> **What this task involves**
Reproduce the listing in full, pictures excluded.

***** Collected material *****

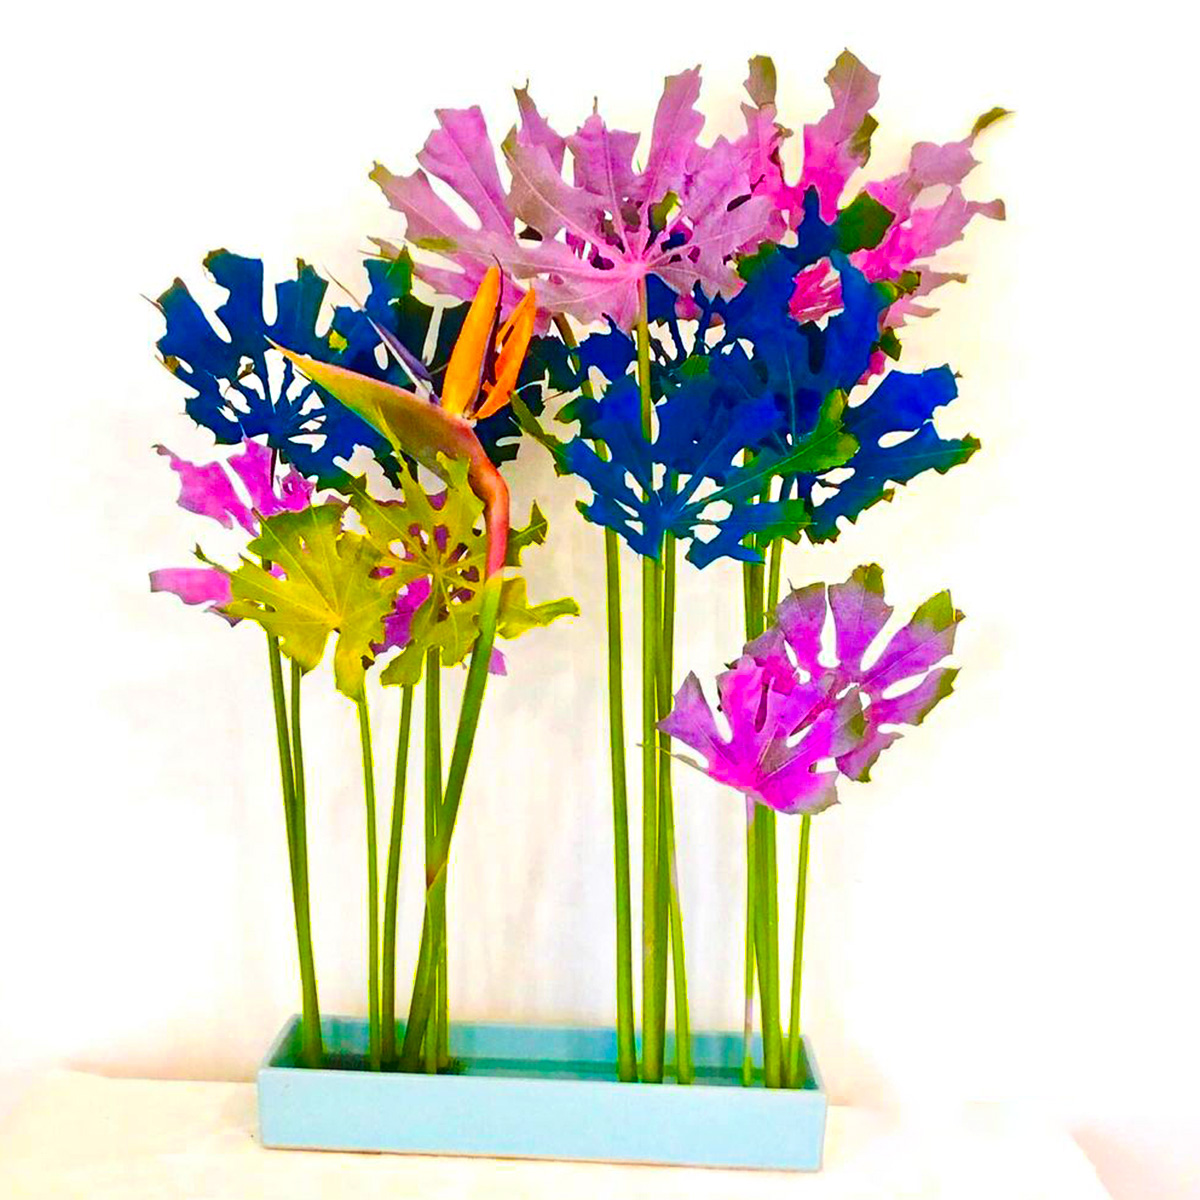 Toula Karanikolopoulos Shows How Ikebana Is the Art of Flower Arrangement 03
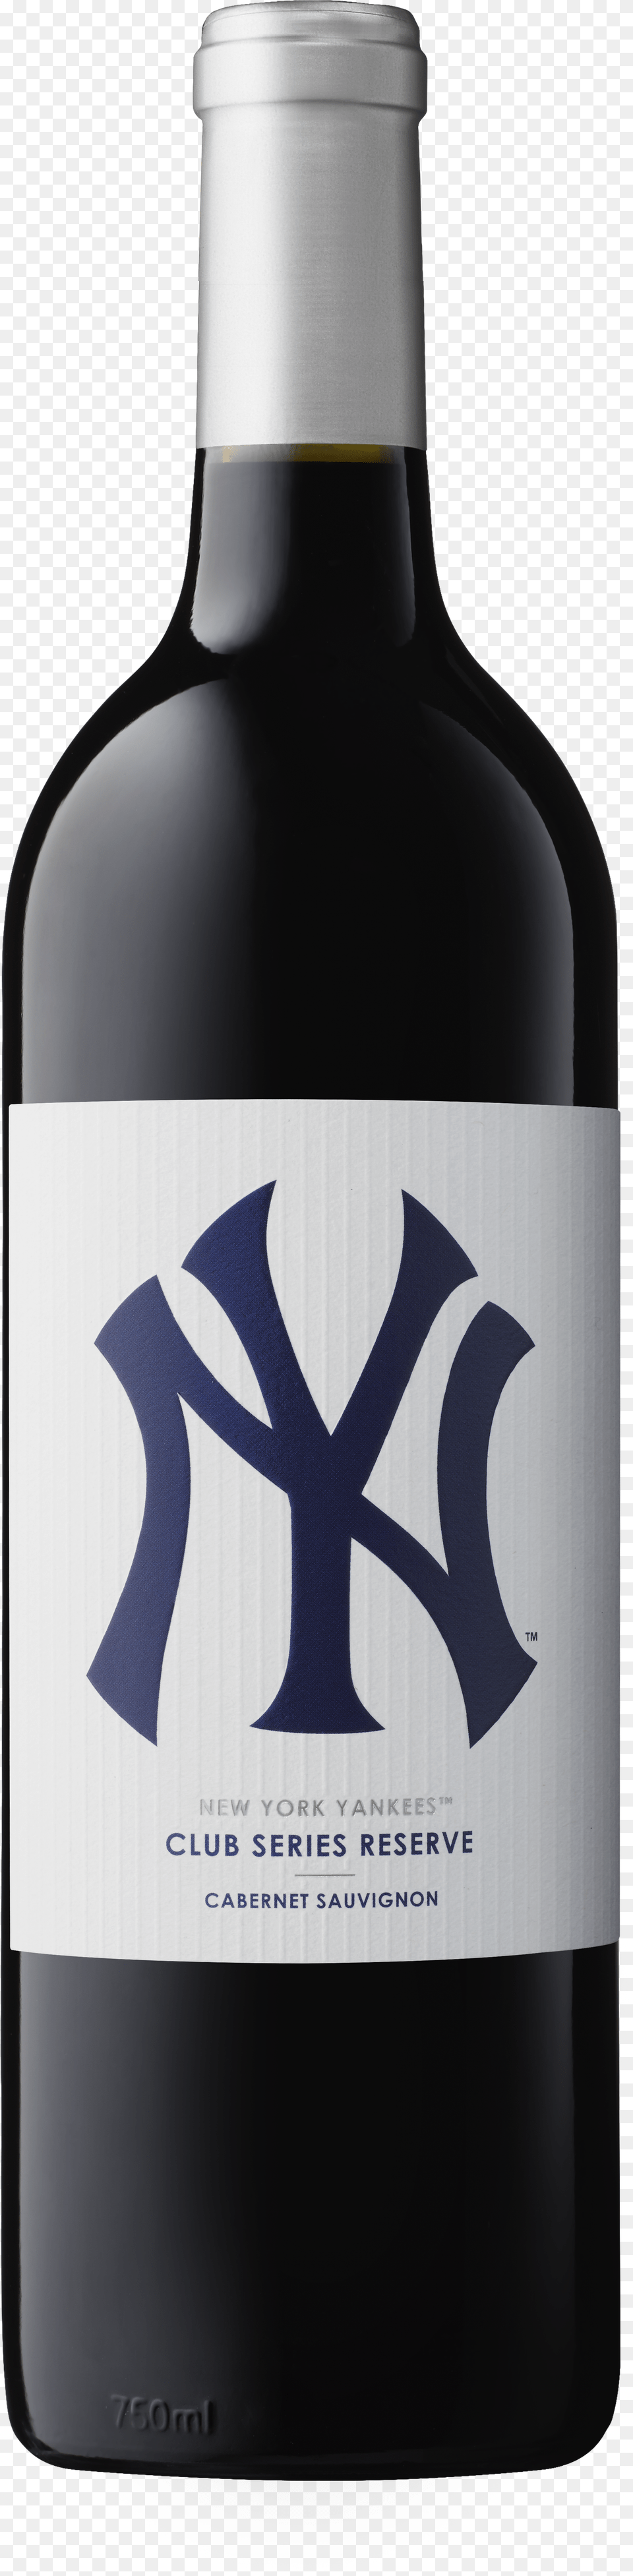 Ny Yankees Club Series Wine Free Transparent Png
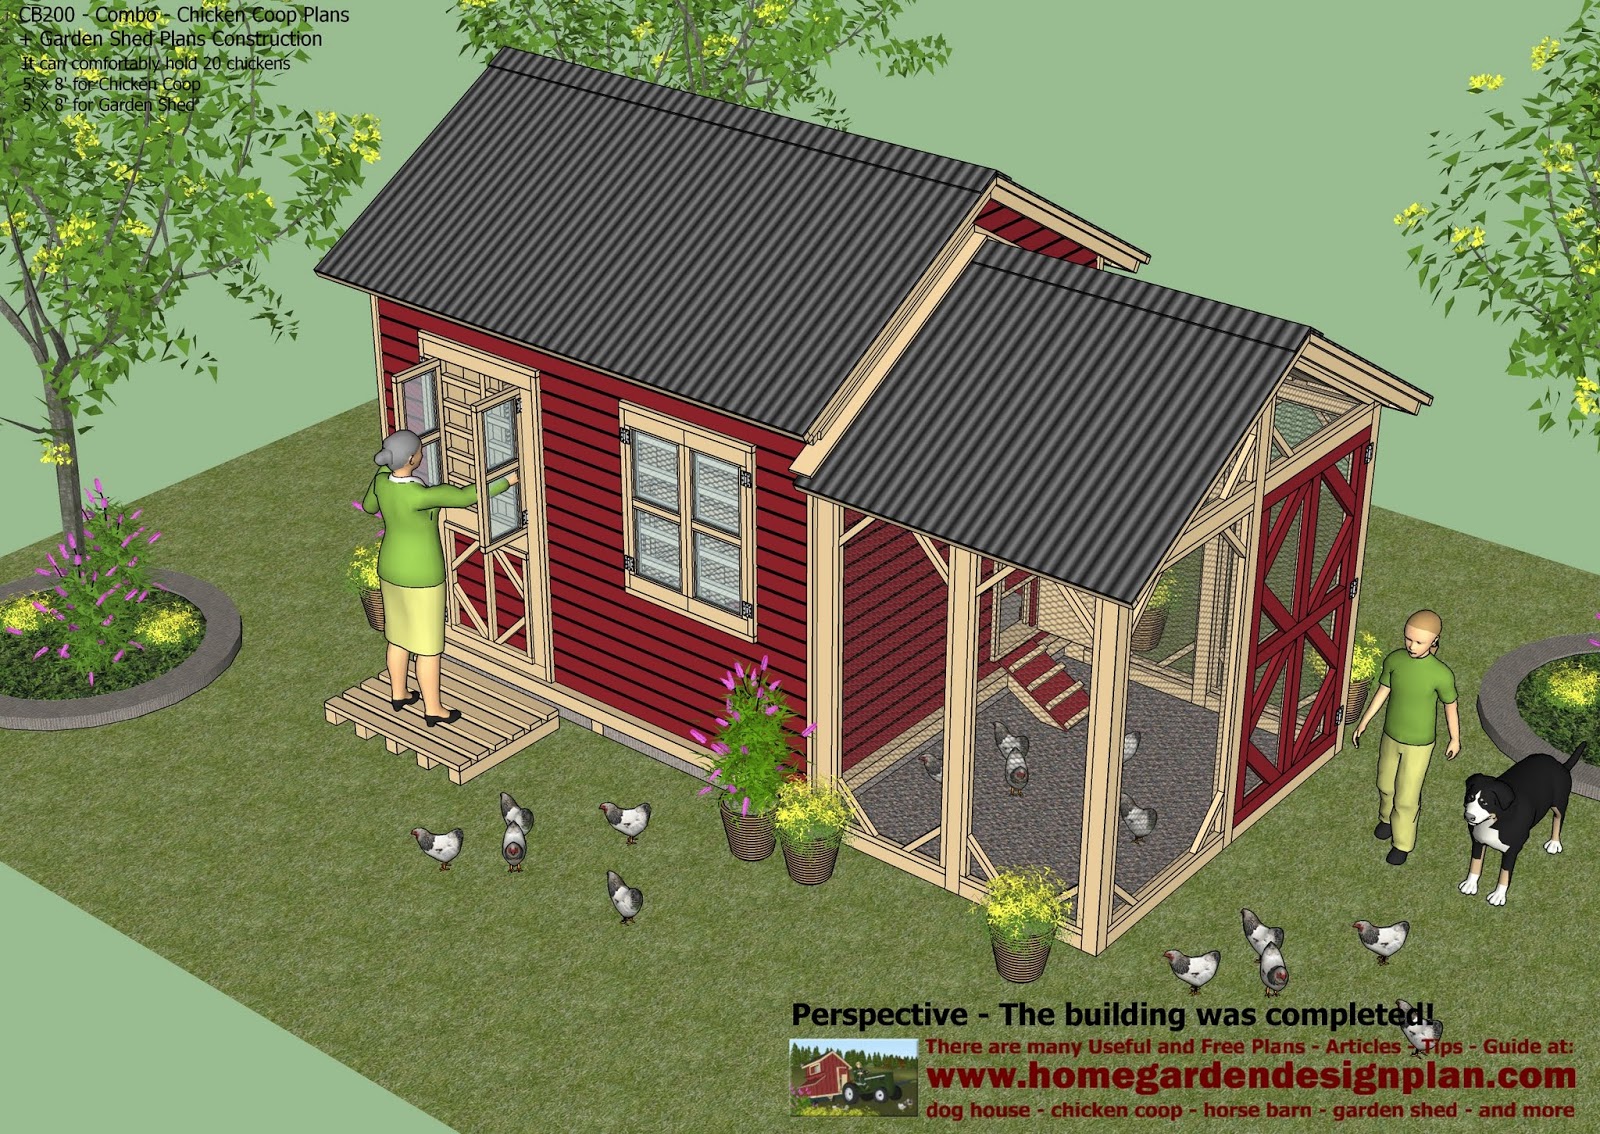 home garden plans: cb200 - combo plans - chicken coop
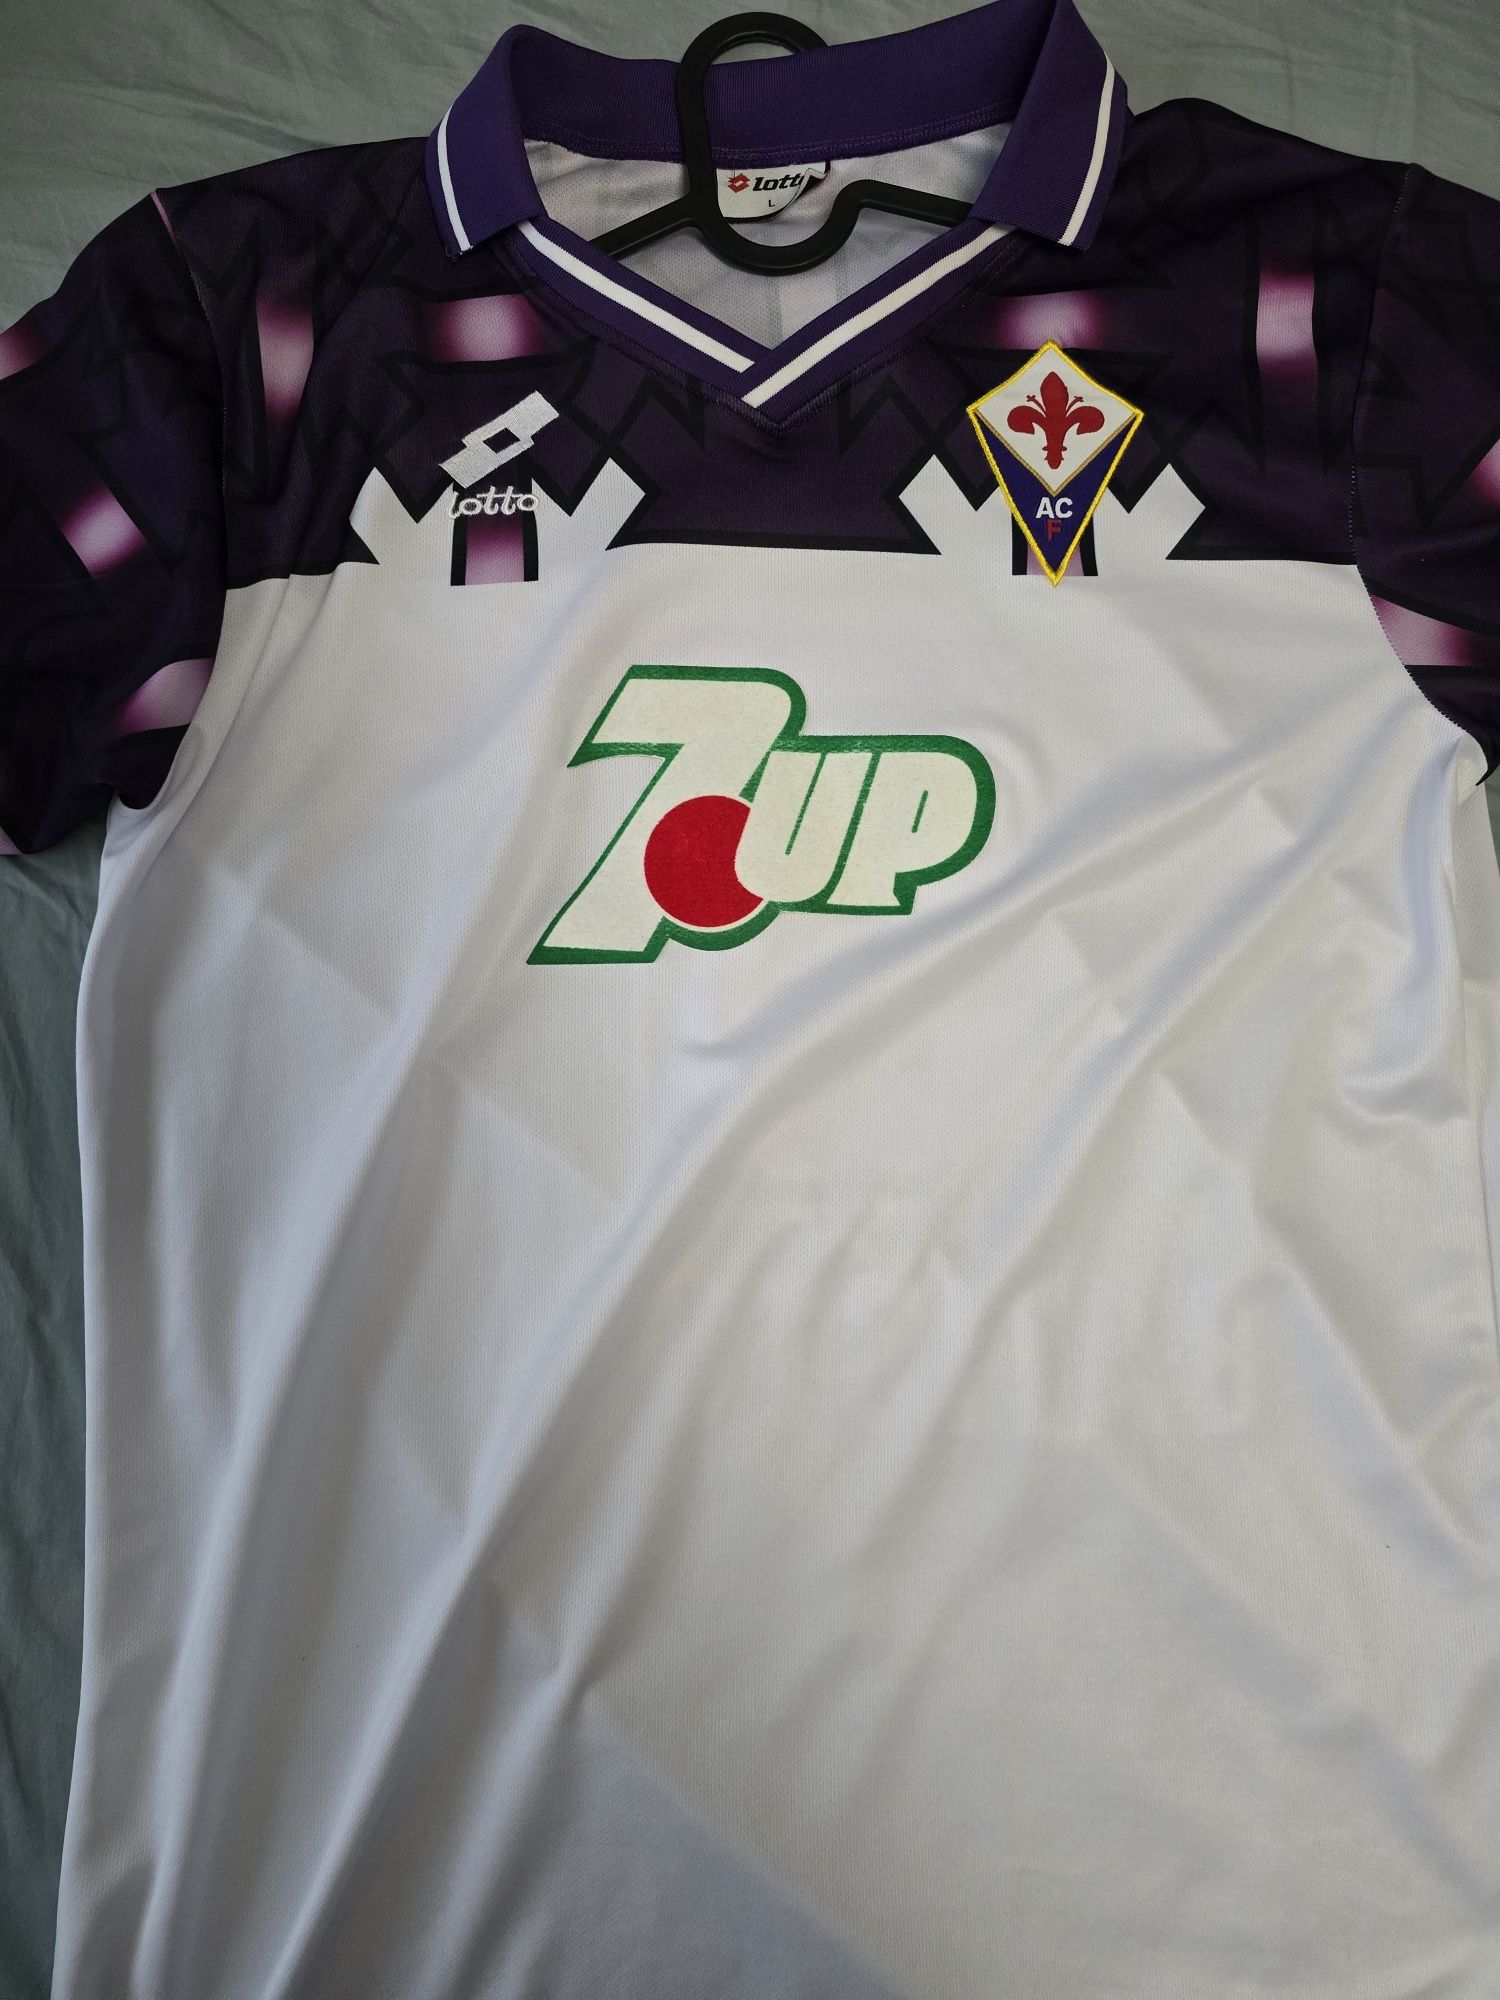 Tricou fotbal Lotto ACF Fiorentina #9 Batistuta

*****

> **Answer to this problem**
 Toula Karanikolopoulos Shows How Ikebana Is the Art of Flower Arrangement 03
 Ny Yankees Club Series Wine Free Transparent Png
 home garden plans: cb200 - combo plans - chicken coop
 Tricou fotbal Lotto ACF Fiorentina #9 Batistuta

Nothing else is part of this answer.